In a square matrix, I usually tell if it is linearly independent by reducing it to row-echelon form and seeing if there are is an c1...cn, where c1*x1..cn*xn = 0 (c1 through cn are scalars, x1 through xn are vectors, and 0 is the 0 vector). However, this approach is less clear for non-square matrices. For example, let's say I have the matrices:
a = [ 3 2 2
2 3 -2 ]
b = [ 1 2 3
1 3 4 ]
By intuition, I would have guessed that matrix is linearly independent. However, after playing around, I saw that c1=-4,c2=4,c3=2 produces the zero vector which indicates linear dependence. Matrix b is perhaps more obvious due to the construction, but it is linearly dependent because c1=1,c2=1,c3=-1 produces the 0 vector. However, I am not sure how to reach this conclusion in a full-proof, rigorous, structured way (either by reducing the matrices somehow or recalling matrix properties that can help indicate whether the matrix is linearly independent/dependent).
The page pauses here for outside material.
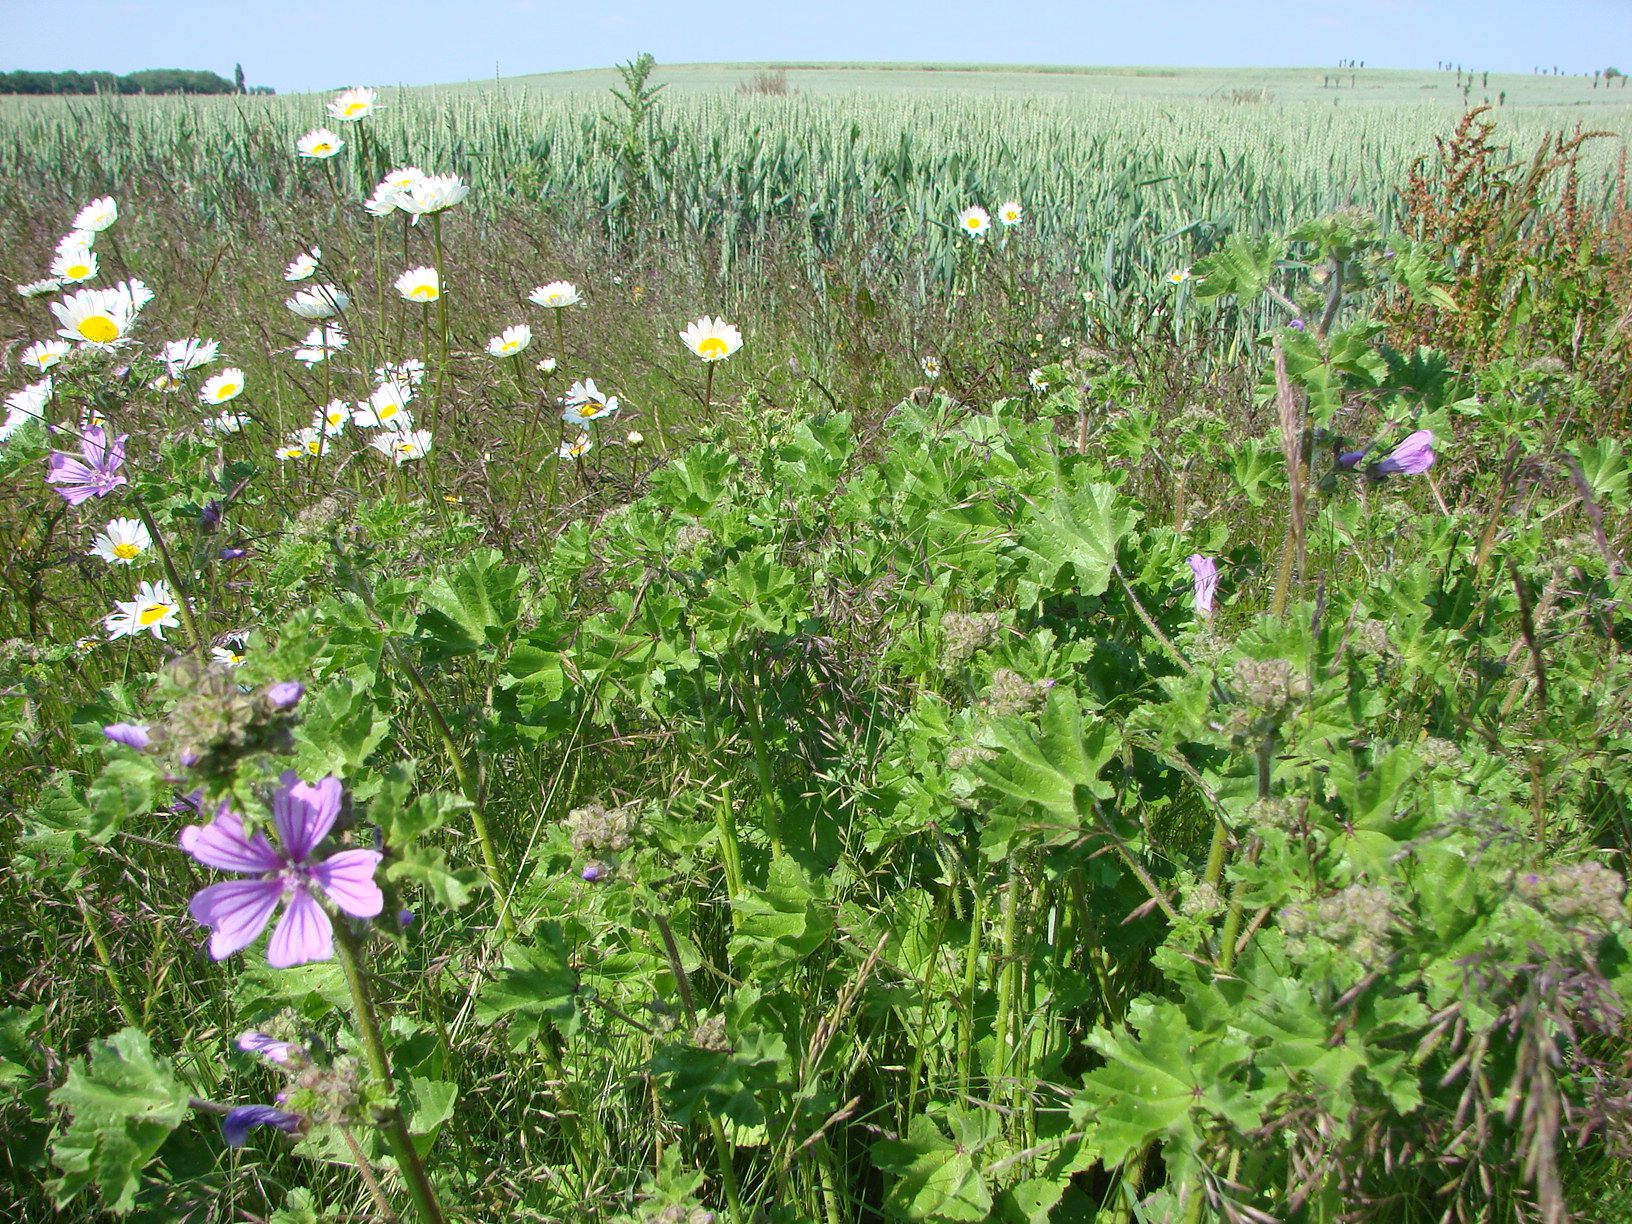 Wildflower strips at the edge of crop fields are being tested in conjunction with intercropping and living mulch to determine their impact on pests, disease and weeds. Image credit - Severin Hatt

This was more of a guess and check approach that I want to formalize.
I would love some guidance and explanations (perhaps applying it to a new example or the provided examples). Thank you for your help -- this will be extremely useful for my learning/understanding!
As you know, the row rank of a matrix is the same as the column rank of the same matrix.
If for example you have less rows than columns, your columns can not be independent.
Since the column rank which is the same as the row rank does not exceed the number of rows which is less than the number of columns.